Q: What do you look forward to in 2007?
Jordan: I think there are still exciting new mobile applications, especially around mobility and digital media that we find interesting.
Godreau: Metropolitan area Wi-Fi networks like those being installed in the U.S. cities of Philadelphia, New Orleans and Oklahoma City are changing the rules of connectivity. What if you no longer had to think about whether broadband Internet access is available where you are or where you are headed — indoors or out?
I look forward to experiencing low-cost, ubiquitous access to the content I care about no matter where I am. I also look forward to the remarkable innovations entrepreneurs will inevitably create with these resources.

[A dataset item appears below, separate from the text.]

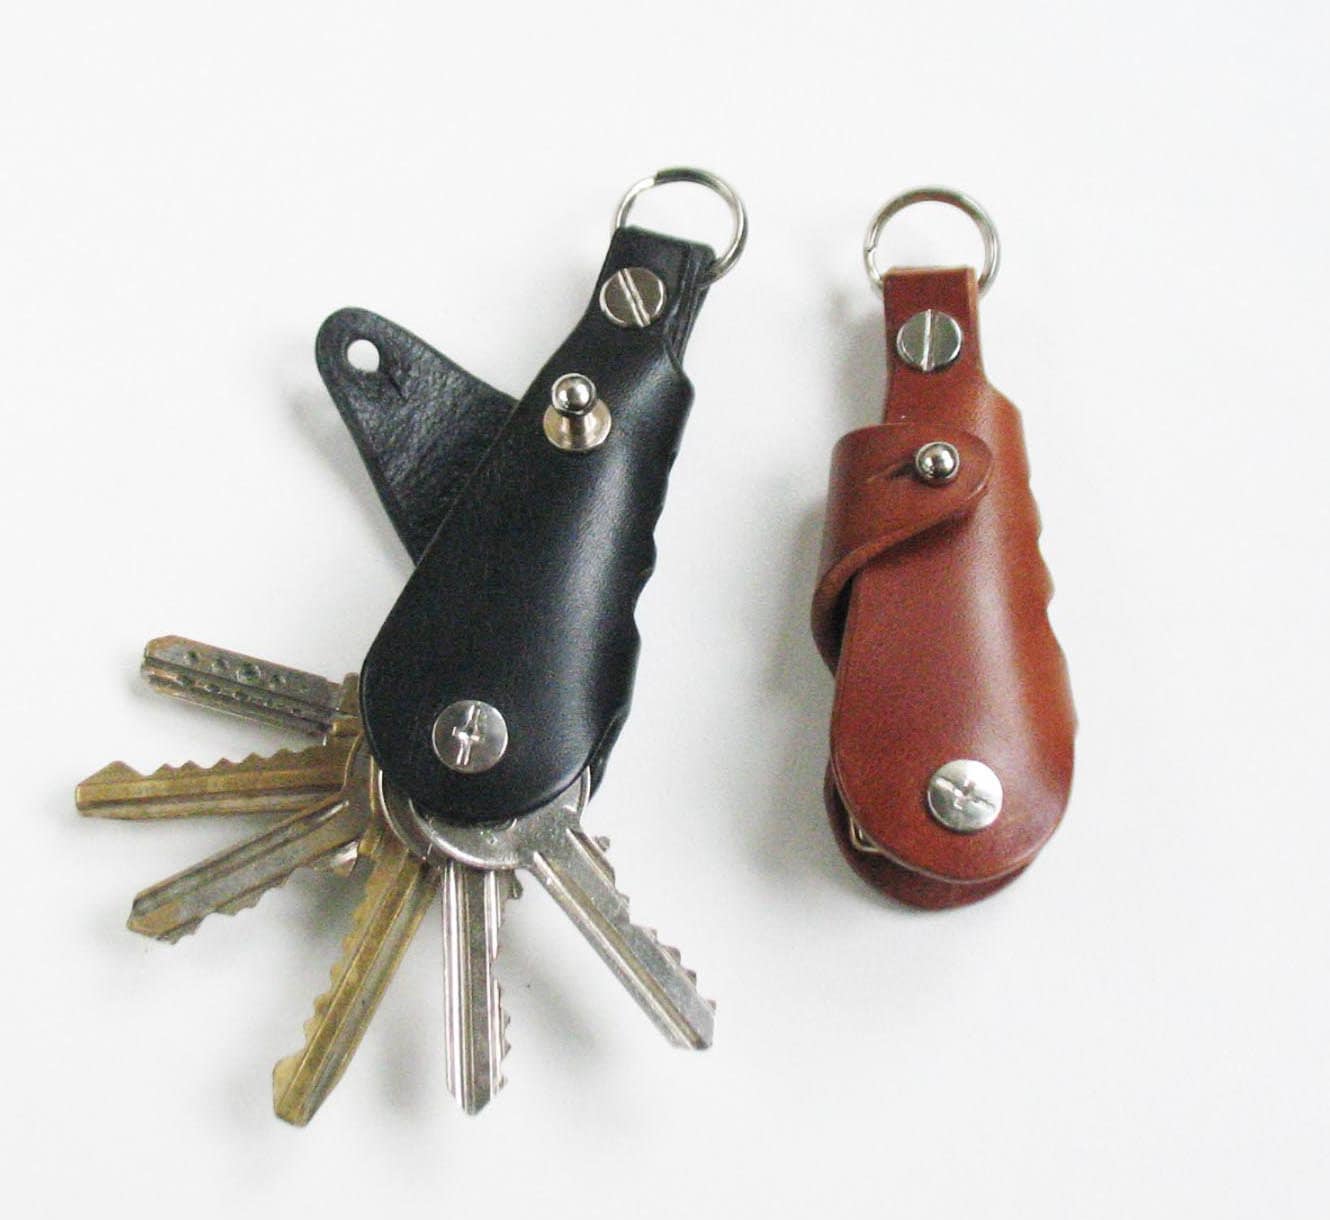 Birsppy Dan Fashion Leather Men Keychain Heart Shape Cute Leather Key Ring Car Key Holder (Black)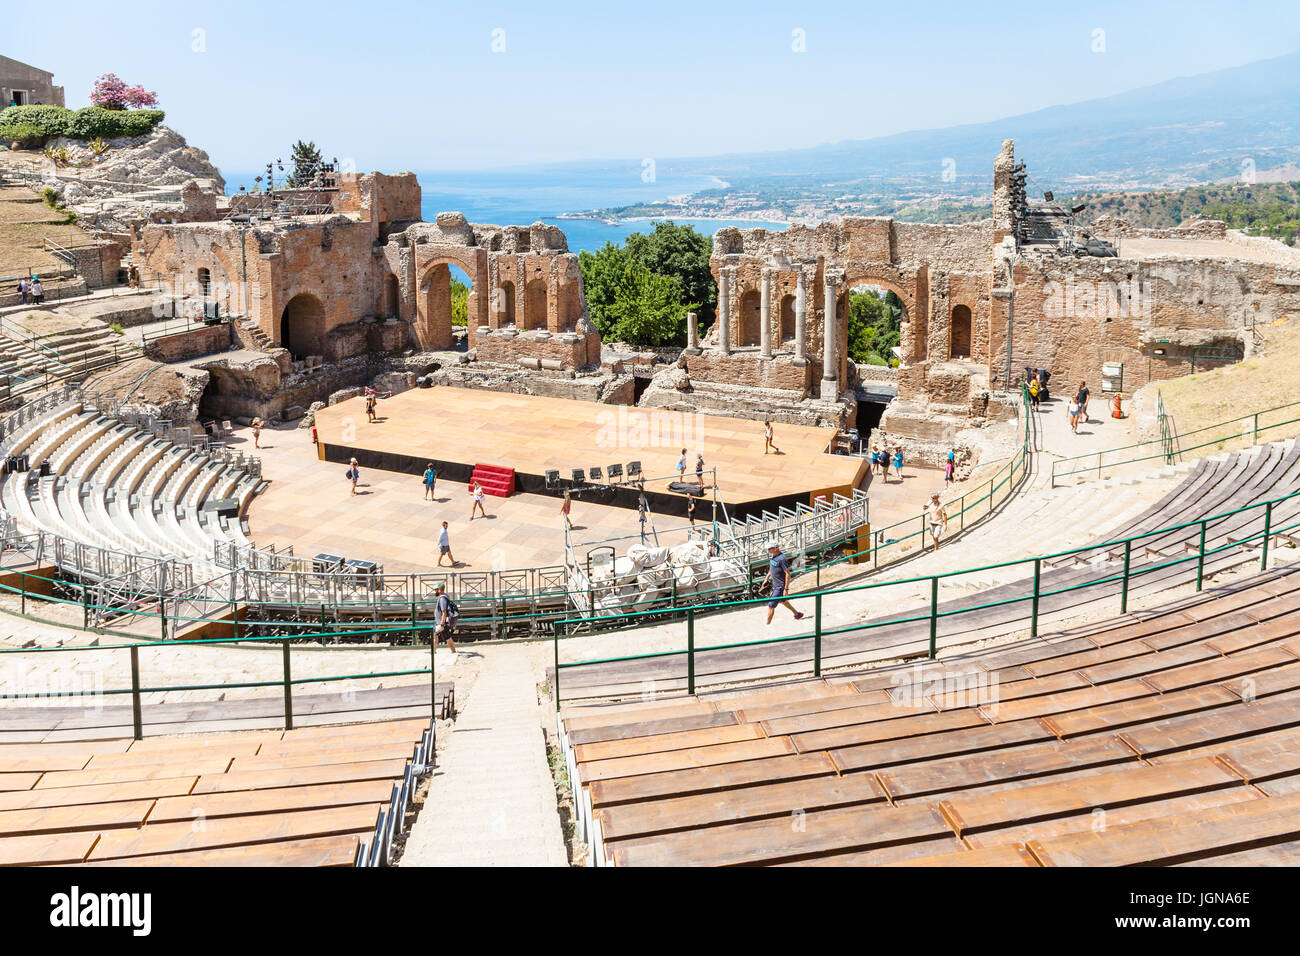 TAORMINA, ITALY - JUNE 29, 2017: people in Teatro antico di Taormina, ancient Greek Theater (Teatro Greco) in Taormina city in summer day. The amphith Stock Photo

Waite: I’ve got one that’s in a formulation stage that I’ve been working on. It is someone I backed before and I want to get back in business with. It’s not announced and no one knows he is doing it.
This is what is starting to be interesting about the Seattle market. We are starting to see recycled entrepreneurs, people who were really terrific and were successful, and are getting bored and want to get back and be involved in the early stages of another company.